■ **Exercise**
Some entries follow. Reproduce exactly the lines starting at the one with "Birthday Gift Ideas For 20 Year Old Female" and stopping after the one with "Ellabella Designs 13 GIFT IDEAS FOR TODDLERS".

(Records to use begins)

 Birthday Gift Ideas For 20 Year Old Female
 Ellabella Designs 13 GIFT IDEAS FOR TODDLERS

(Records to use ends)
(Records to use begins)

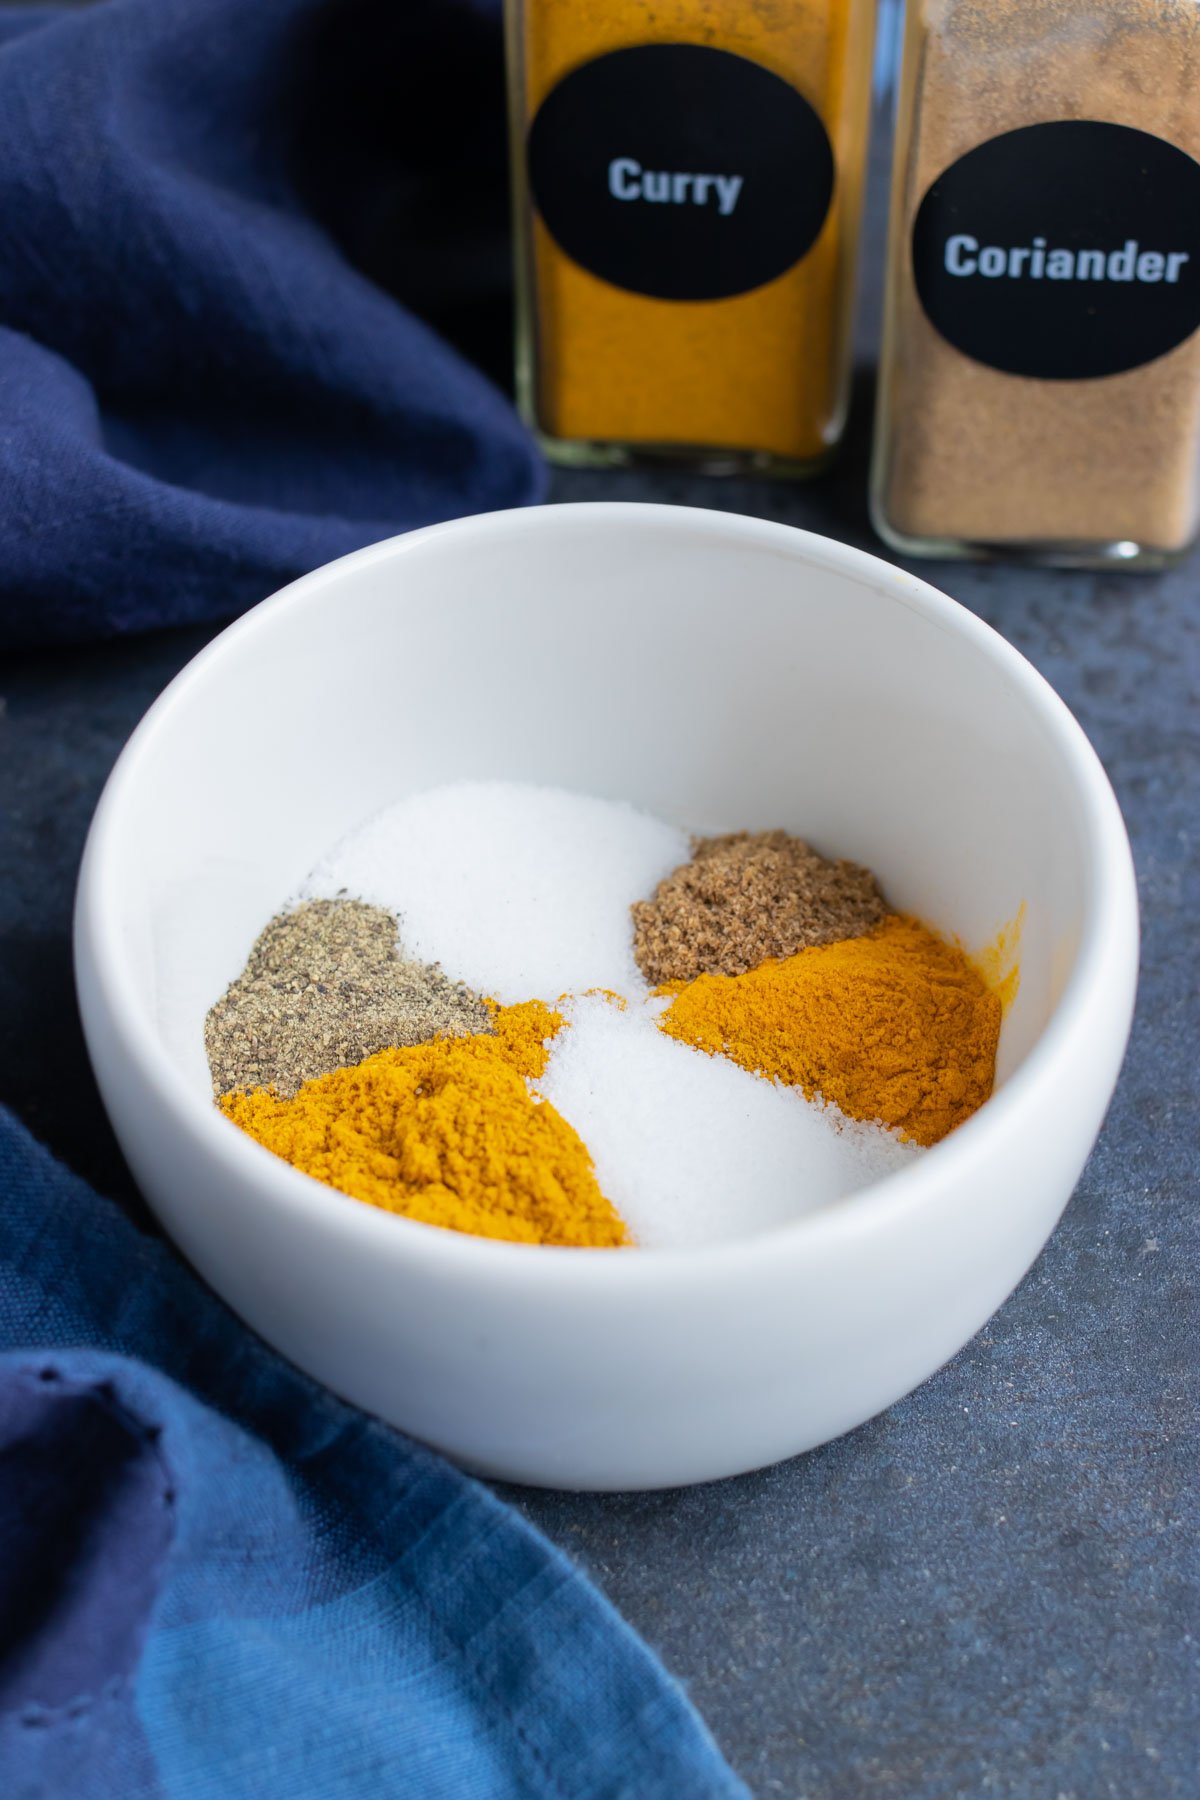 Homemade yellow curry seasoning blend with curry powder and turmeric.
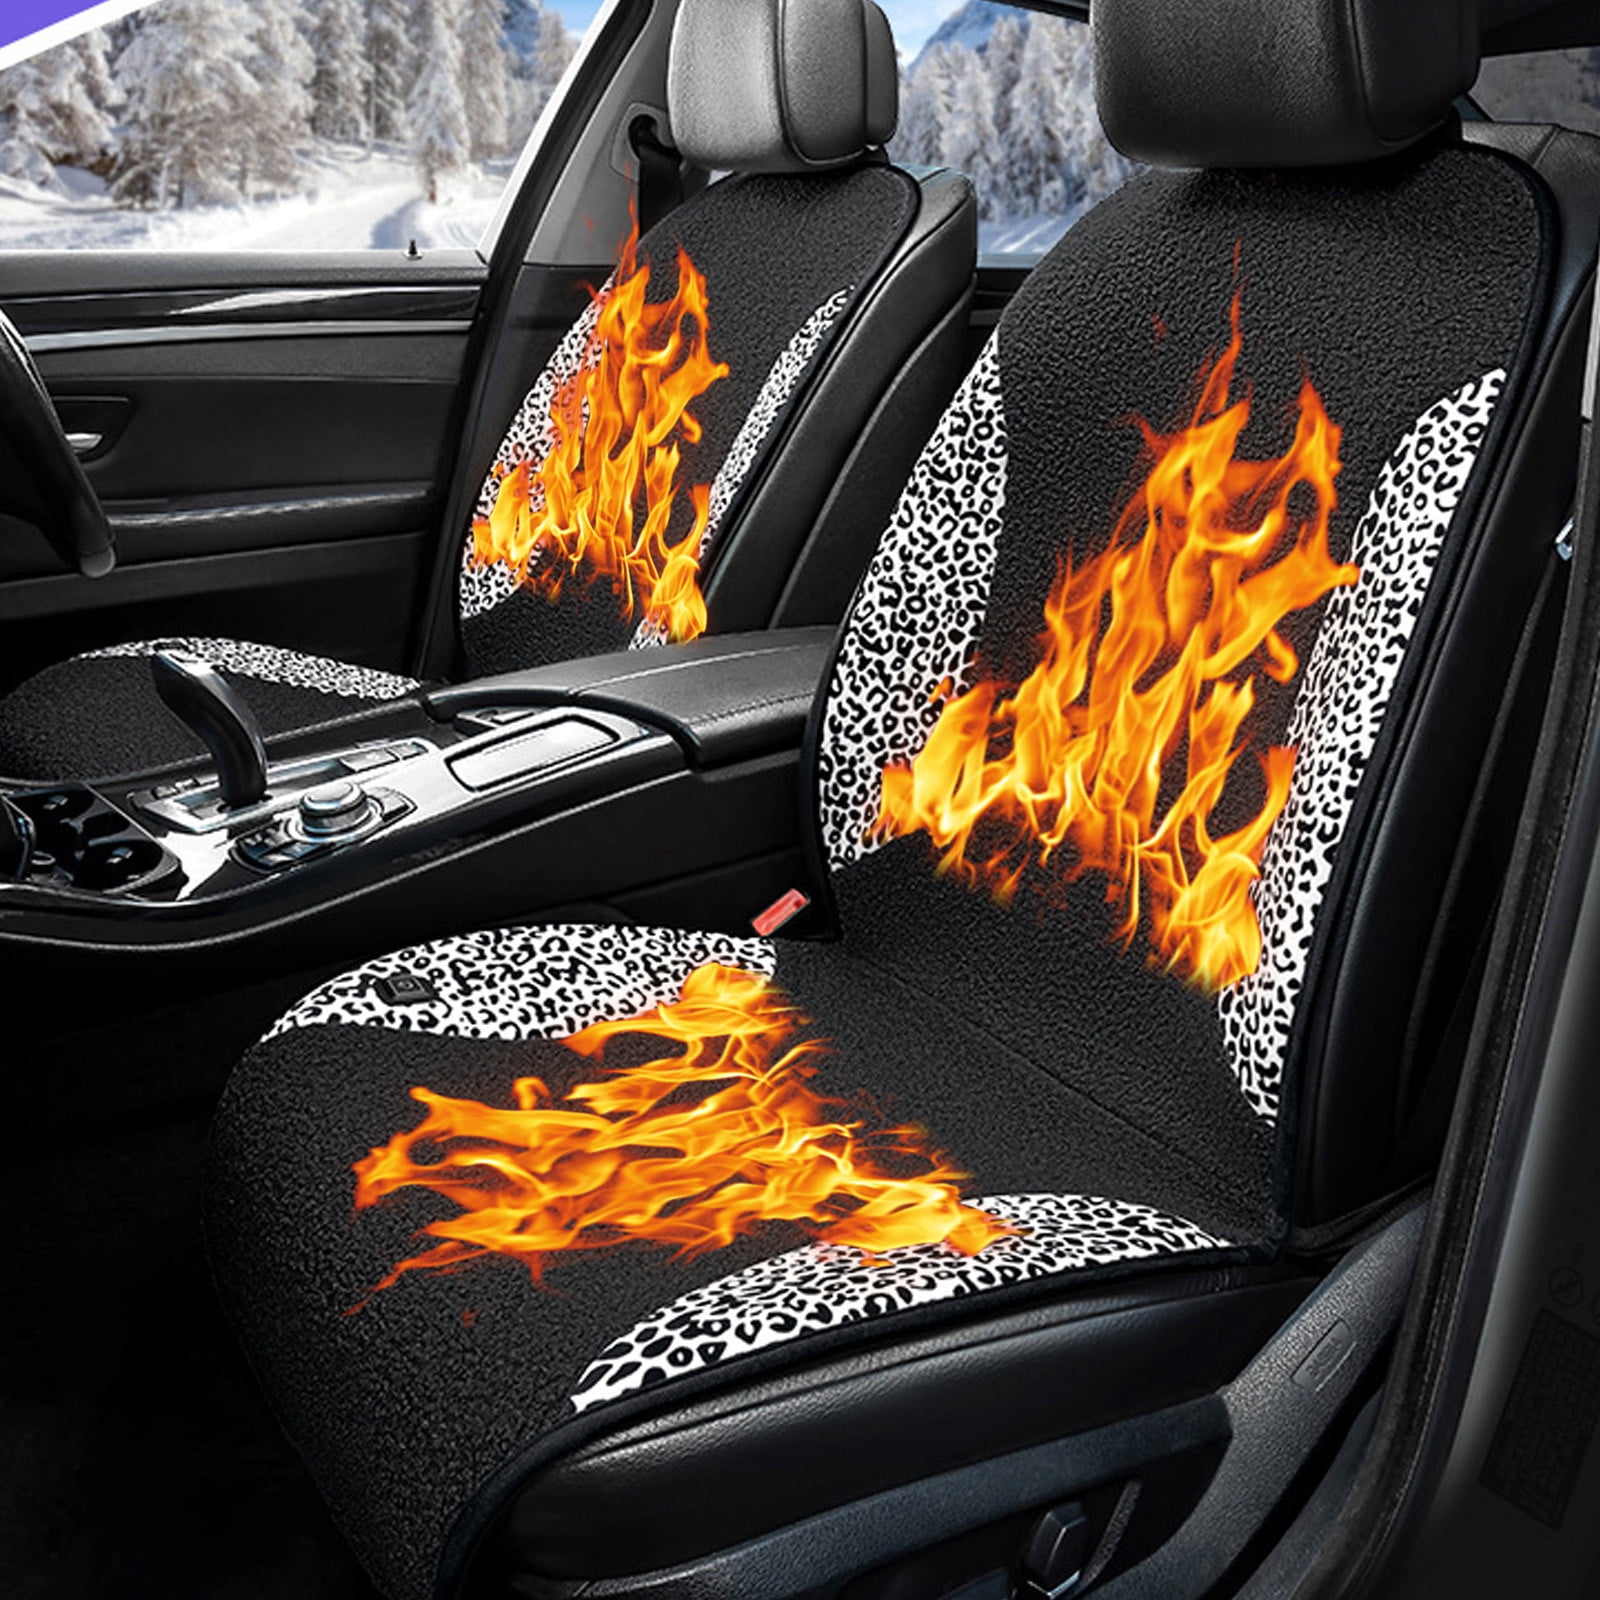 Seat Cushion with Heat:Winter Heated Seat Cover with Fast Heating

(Records to use ends)

■ **Answer for this exercise**
 Birthday Gift Ideas For 20 Year Old Female
 Ellabella Designs 13 GIFT IDEAS FOR TODDLERS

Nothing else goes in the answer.